Dec 29, 2014 · 4 minutes

“Use lists whenever possible. Lists just hijack the brain’s neural circuitry.”

“Try to change every comma to a period.”

These two pearls of wisdom come from Emerson Spartz, a man The New Yorker calls "The Virologist" in a big feature in next week's magazine. Spartz runs a number of truly awful bottom-of-the-barrel "viral sites" -- the kind that, as Spartz advises, are comprised predominantly of lists, many of them stolen wholesale from other sites. Beyond offering up shitbricks of content like "34 People Who Shop At Wal-Mart And Need To Get Their S*** Together," Spartz's headlines seek to capitalize on what's known as the "curiosity gap," teasing a bit of information but saving the real kicker -- which is almost always disappointing -- for those foolish enough to click on the full link. One headline on today's Dose front page reads, "Someone Left This Dog Outside During A Rainstorm...Then This Happened." The "This" that "Happened" was that somebody let the dog in. Say WHAT??

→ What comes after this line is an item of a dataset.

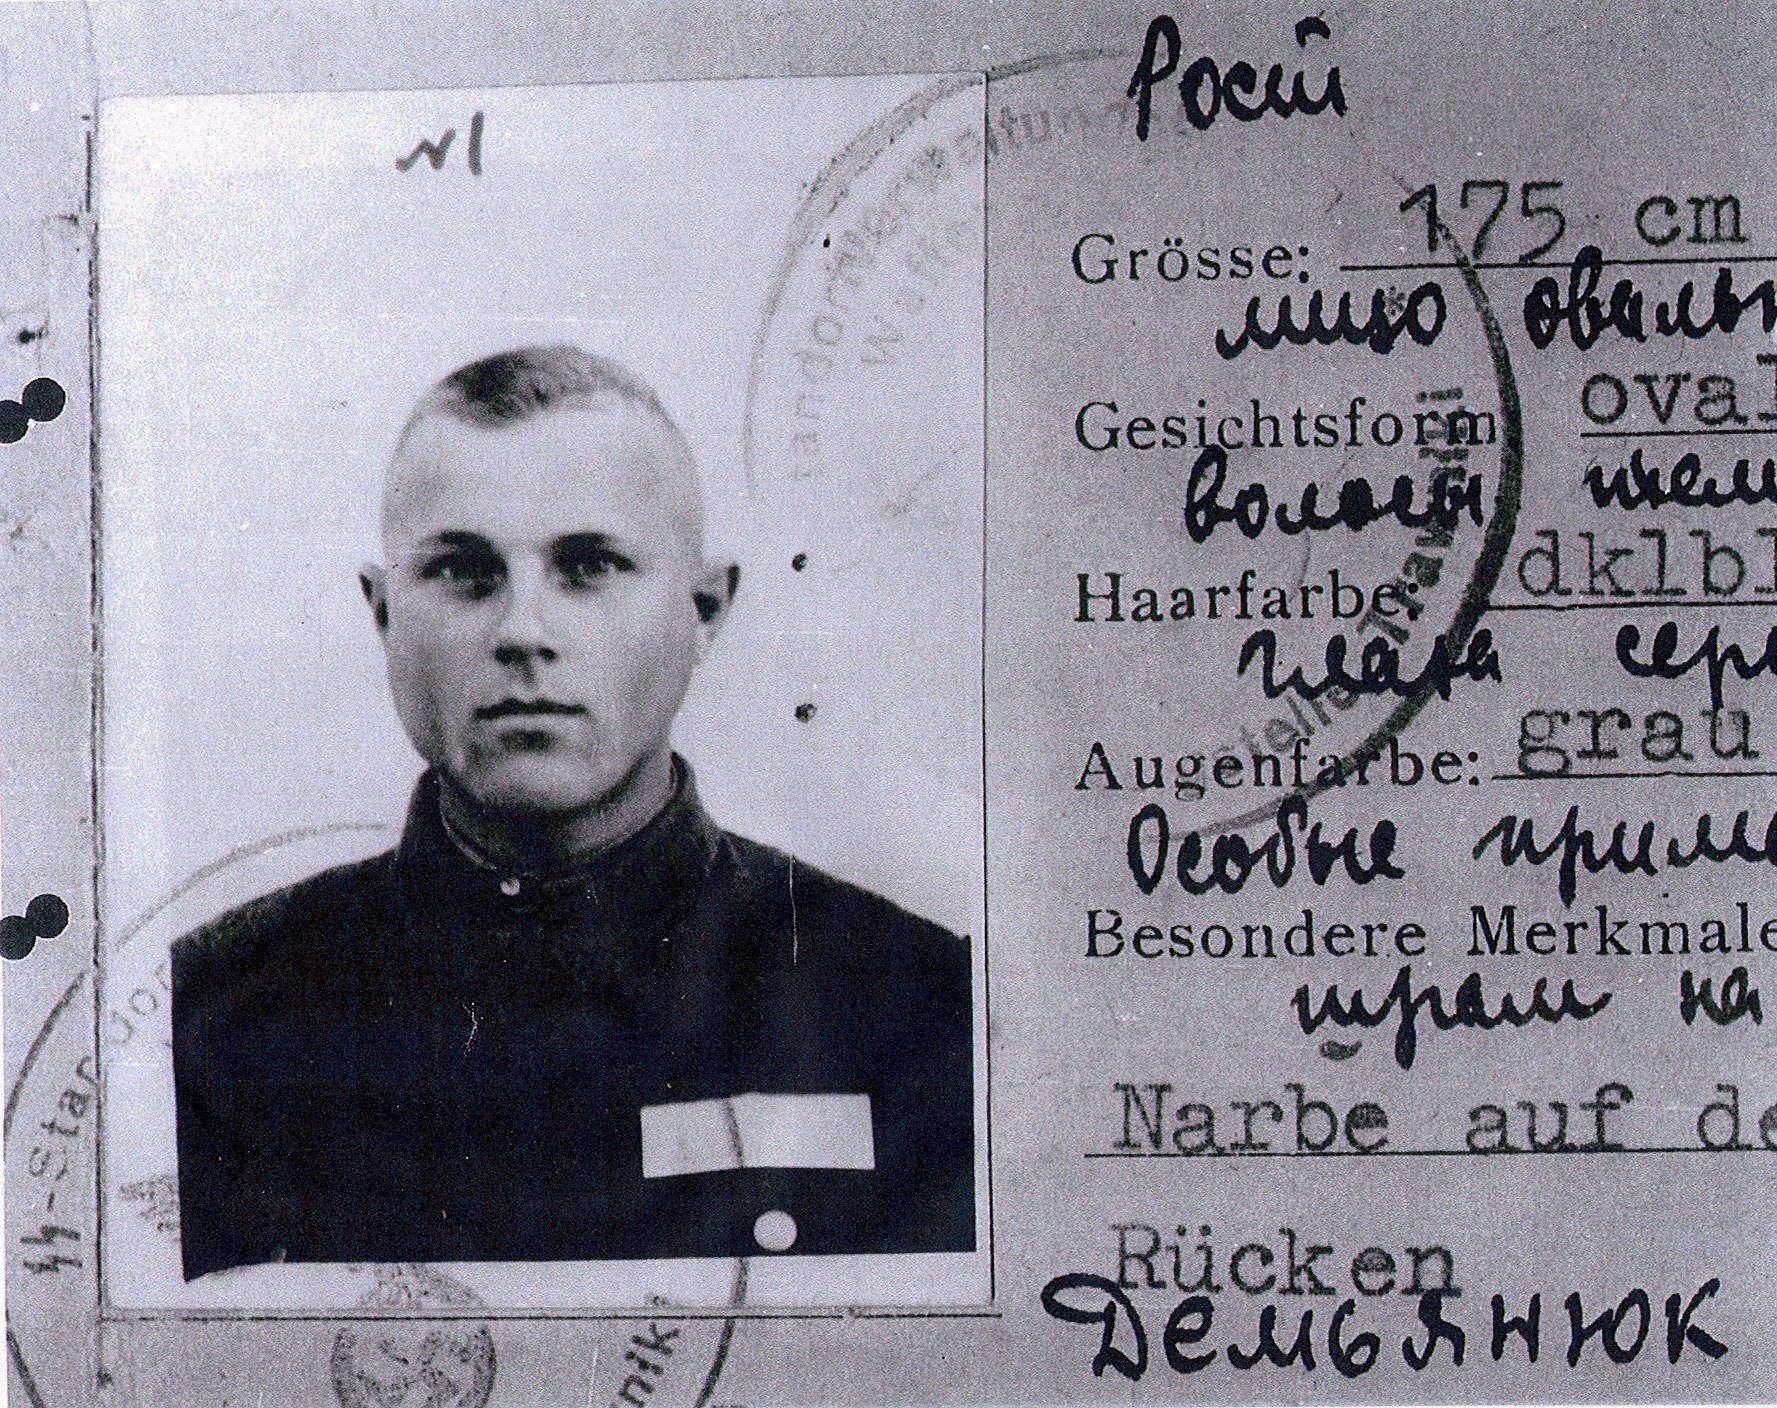 La carta d'identità di Ivan Demjanjuk

Marantz himself doesn't lionize Spartz, but he does quote a half a dozen others who do. And maybe Spartz's fans have a point. The entrepreneur tells the magazine his sites bring in sixty million pageviews a month; judging by Quantcast's numbers for alone, there's little reason to doubt him. It's all too tempting for cynics to read Marantz's profile and weep for the current state of media, which allows a rehash of that year-old Batkid story -- written so carelessly that it mistakenly refers to The Riddler as The Joker -- to attract more pageviews than a rigorously-reported feature on poverty.

But there's another school of thought, one that fans of smart analysis and lively storytelling can latch onto as we head into 2015 -- that "viral content" is not some inevitable nightmarish future of media, but simply an isolated genre that's a much weaker business than many think.

One of the earliest people to argue this point is a guy who knows a thing or two about fast, cheap content: Bryan Goldberg. Writing at Pando a year ago, Goldberg cites two major reasons why investors shouldn't be too bullish on this space. First, building a business on the back of Facebook is a dangerous game. The network's algorithms are in constant flux -- all the sudden, Facebook could cease to prioritize lazy listicles in News Feeds and begin to promote more substantive stories. In fact, earlier this year, the company began to deemphasize "curiosity gap"-style headlines and other forms of "clickbait," which promise great riches beyond the click, only to provide a grainy video of a woman letting a dog inside, instead. Spartz is open about his sites' reliance on Facebook and admits, “I’m aware that [Facebook] might not be so generous forever.” That said, he doesn't provide a solution for when and if that generosity dries up.

Frankly, I'm doubtful that Facebook will ever really put these viral contents sites out to pasture. The kind of light, clickable, and shareable content they offer leaves users always coming back to Facebook for more. Goldberg's second big point, however, is far more important. Although these sites seek to collect vast amounts of data on their visitors, when it comes to all-purpose viral content farms, advertisers often don't know who they've reached until it's too late:

The problem for sites that depend upon viral traffic is that they have no idea who is going to come to their website one month to the next. This month, an article about adorable cats might go viral, bringing middle-age women to the site. Next month, an article about half-naked Miley Cyrus might go viral, bringing teenage boys to the site. And when a single article often drives 30 percent of a given month’s visitors, it can lead to massive demographic swings.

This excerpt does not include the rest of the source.